2011 is not going to start cold. In the course of this month one of the most significant transactions in Central and Eastern Europe will be closed. Austrian company CA Immo is to acquire property development and investment company Europolis for €272 million. Europolis owns a range of development projects in the Czech Republic including Prague’s River City office building complex and several shopping centers. ‘Representatives of opportunistic funds are here ... but there’s nothing for them to buy.’

Real estate agents predicted two years ago that, with the crisis continuing, opportunistic buyers such as Europa Capital or AREA will increasingly appear on the market. Although these companies are monitoring the situation, none have so far signed any specific purchase agreement. “Representatives of opportunistic funds are here in the Czech Republic but there’s nothing for them to buy,” said Zdeňka Klapalová, director of real estate consultancy Knight Frank.
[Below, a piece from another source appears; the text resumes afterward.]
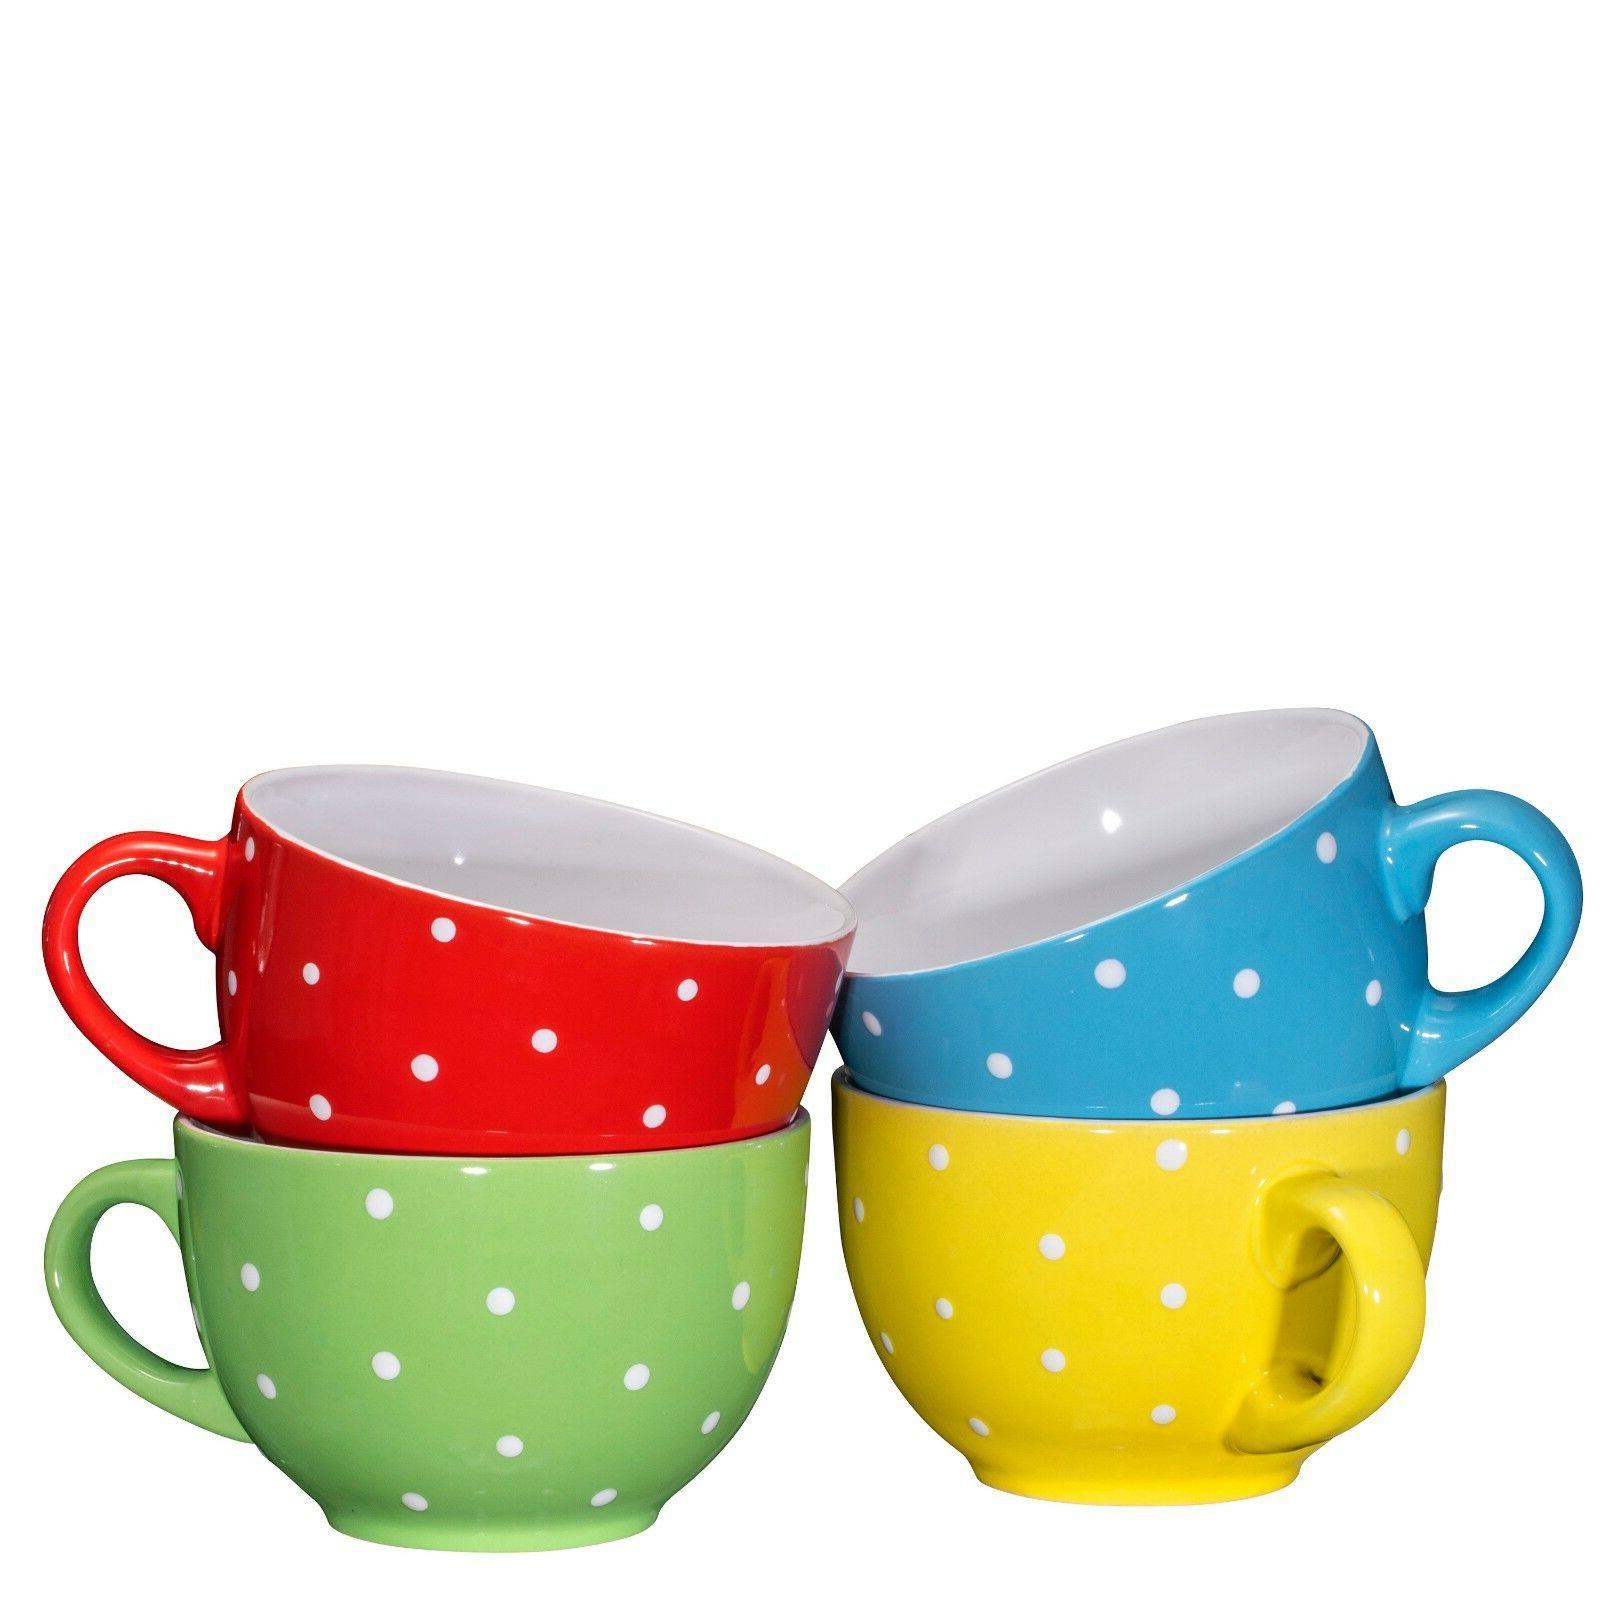 Bruntmor Cereal Coffee Mug 24 Set

Contrary to predictions there still are no compulsory sales of properties — the kind that opportunistic buyers are interested in. So far, banks in the Czech Republic have been very considerate toward debtors not forcing them to convert their assets into cash in order to repay credits. However, the owners of real estate companies cannot further rely on this anymore.

Investors may be voicing their willingness to come back to property markets, developers on the other hand are still very cautious in their actions. In 2010, according to data gathered by King Sturge, six buildings comprising 56,000 square meters of office space had been completed — three of which are in Prague 1, two in Prague 4 and one in Prague 9. “Compared with the year before this constitutes a 66 percent drop,” said Pavel Skřivánek, head of the office real estate department at King Sturge. He added that this was not only due to weak demand but also to the unwillingness of banks to finance new construction projects.

Office fight looms

2011 brings little prospect of new office space. In most cases projects only involve the finalization of headquarters tenants ordered in advance. Real estate agents expect this situation only to change at the turn of 2011 and ’12 when office developments become available which started to be built in the second half of 2010 on a speculative basis. For example Immorent, Skanska Property, HB Reavis, Karimpol and ECM REI are involved in such construction projects.

Real estate investors are mainly looking for Prague office buildings. In 2009 some 84 percent of the €556 million spent on Czech real estate was used to purchase office buildings. King Sturge estimates that in 2010 office spaces dominated commercial real estate transactions. Some investors have already at this moment staked their bets on the possibility that in two years not a single square meter of office space will be available as there are no new office developments under construction at the moment. “Those who buy now know full well what they’re doing,” said Serge Borenstein, a major Prague developer.